I think it’s easy to get confused because we often use langage like “$Z$ represents the functor $F$” as if it were a property of the object $Z$, whereas actually a representation is a structure that we’re implicitly giving it.

Posted by: Mike Shulman on December 21, 2011 9:06 AM | Permalink | PGP Sig | Reply to this

### Re: Categorifying Fractional Euler Characteristics

nothing could be easier.

By the way, since elsewhere I see the word “scary” thrown around so much:

it is precisely this easiness that, one categorical level up, makes it feel good and easy to speak of the stack $\mathbf{B}\mathbb{G}_m$ instead of a “locally ringed higher space/topos” (which one could do as well).

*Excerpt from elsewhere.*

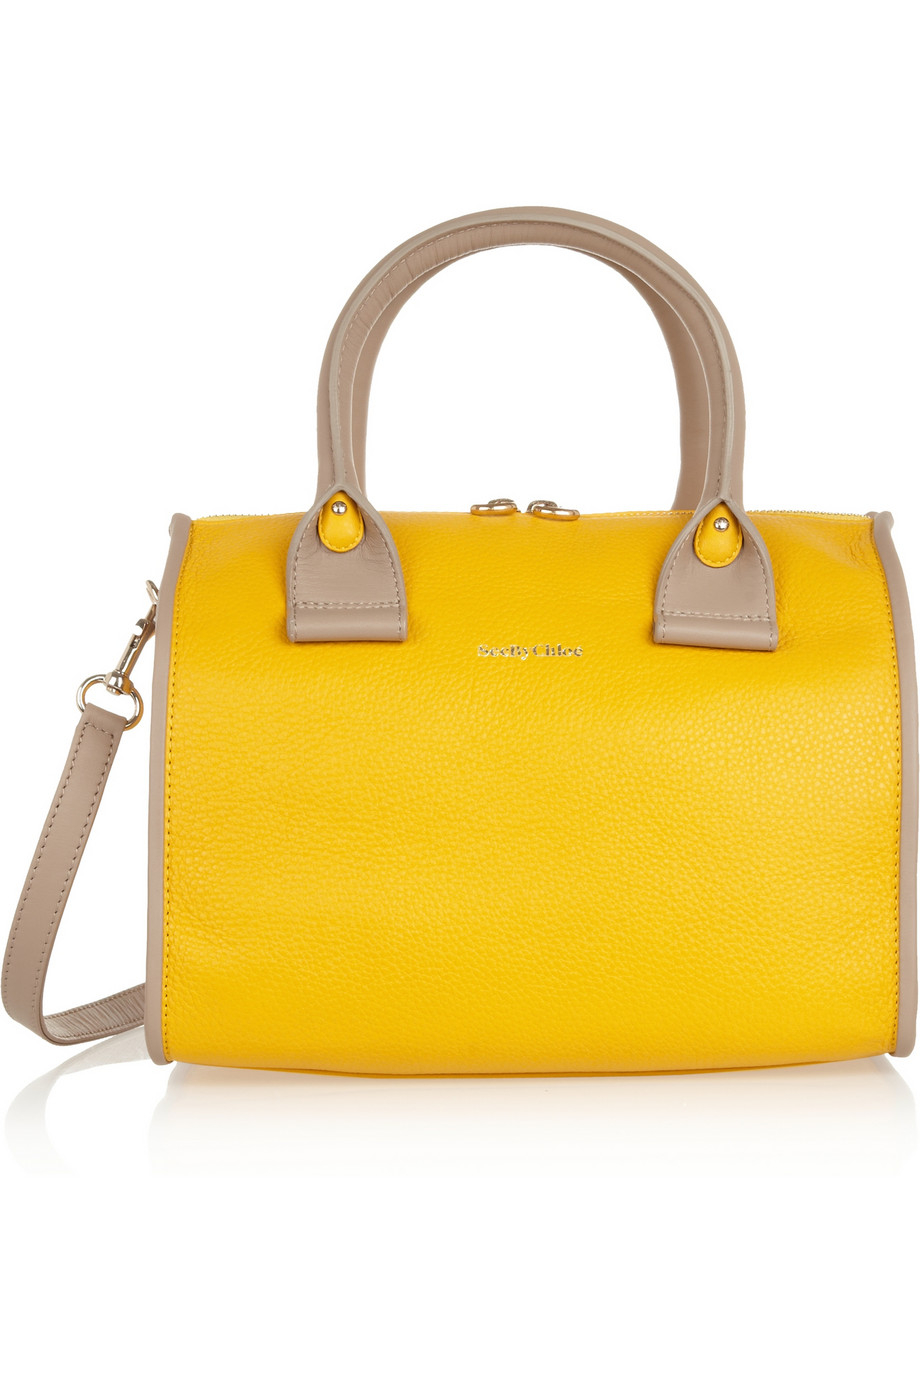 See by chlo April Texturedleather Duffle Bag in Yellow (silver ...

Because this means to think of $\mathbf{B}\mathbb{G}_m$ as the assignment $Ring \to Groupoid$ that sends every ring $R$ to the groupoid with a single object and the multiplicative group $R^\times$ as its morphisms.

Again, nothing could be easier. Don’t let anyone scare you of this concept ;-)

Posted by: Urs Schreiber on December 20, 2011 10:04 PM | Permalink | Reply to this

### Re: Categorifying Fractional Euler Characteristics

I did realize when I was writing my comment that I was sweeping something small under the carpet. Sending a ring to its multiplicative group isn’t literally speaking a functor $Ring \to Set$; one really ought to say “underlying set of the multiplicative group”. If you stick with the group itself, you get a functor $Ring \to Group$ (or $Ring \to Groupoid$, if you like), giving you a group scheme or groupoid scheme. But that was peripheral to the main point I wanted to make, as well as kind of obvious, so I didn’t say it.

Posted by: Tom Leinster on December 20, 2011 10:37 PM | Permalink | Reply to this

### Re: Categorifying Fractional Euler Characteristics

If you stick with the group itself, you get a functor $Ring \to Group$ (or $Ring \to Groupoid$, if you like),

No, I don’t like that. The first is $\mathbb{G}_m$. The second is $\mathbf{B}\mathbb{G}_m$. By no means to be conflated.

Posted by: Urs Schreiber on December 20, 2011 10:58 PM | Permalink | Reply to this

### Re: Categorifying Fractional Euler Characteristics

I presume you mean that the functor $Ring\to Group$ is $\mathbb{G}_m$ (with its group structure) while the functor $Ring\to Groupoid$ is $\mathbf{B}\mathbb{G}_m$?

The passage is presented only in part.